▶ _EXERCISE_: Where the records below show a line containing "Amazing toga himiko coloring page", start copying; end with the line containing "Oil Well Pumpjack", and copy it too.
Segment Start: RECORDS FOR THE EXERCISE
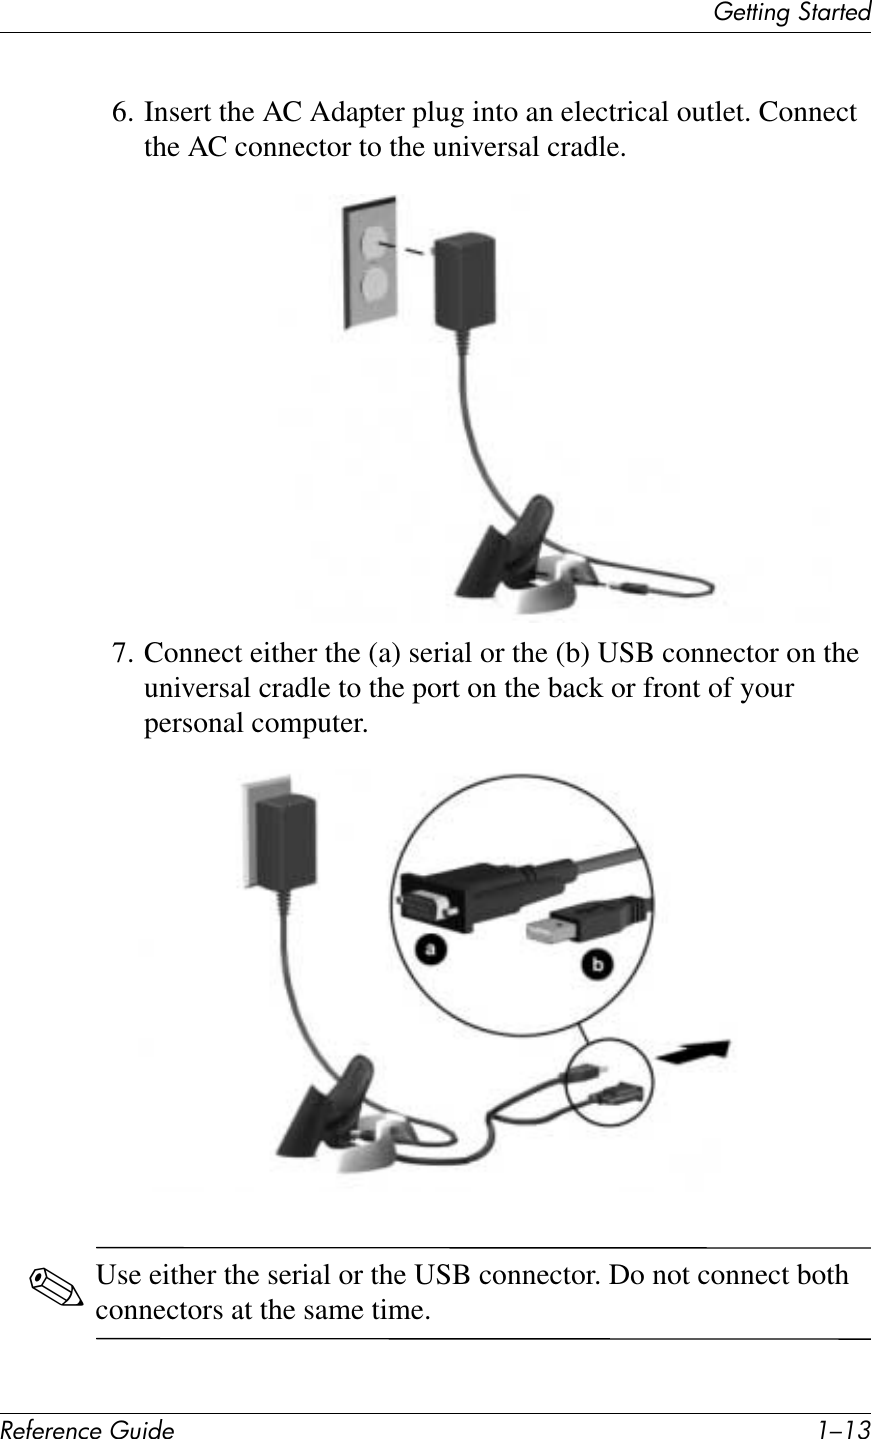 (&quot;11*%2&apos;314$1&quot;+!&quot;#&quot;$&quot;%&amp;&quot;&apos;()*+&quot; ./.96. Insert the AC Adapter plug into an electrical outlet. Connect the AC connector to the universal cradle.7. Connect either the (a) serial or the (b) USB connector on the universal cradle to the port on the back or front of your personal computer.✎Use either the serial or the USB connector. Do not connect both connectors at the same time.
Segment End: RECORDS FOR THE EXERCISE
Segment Start: RECORDS FOR THE EXERCISE
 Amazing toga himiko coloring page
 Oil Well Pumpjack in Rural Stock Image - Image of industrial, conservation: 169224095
Segment End: RECORDS FOR THE EXERCISE
▶ _OUTPUT OF THE TASK_:
 Amazing toga himiko coloring page
 Oil Well Pumpjack in Rural Stock Image - Image of industrial, conservation: 169224095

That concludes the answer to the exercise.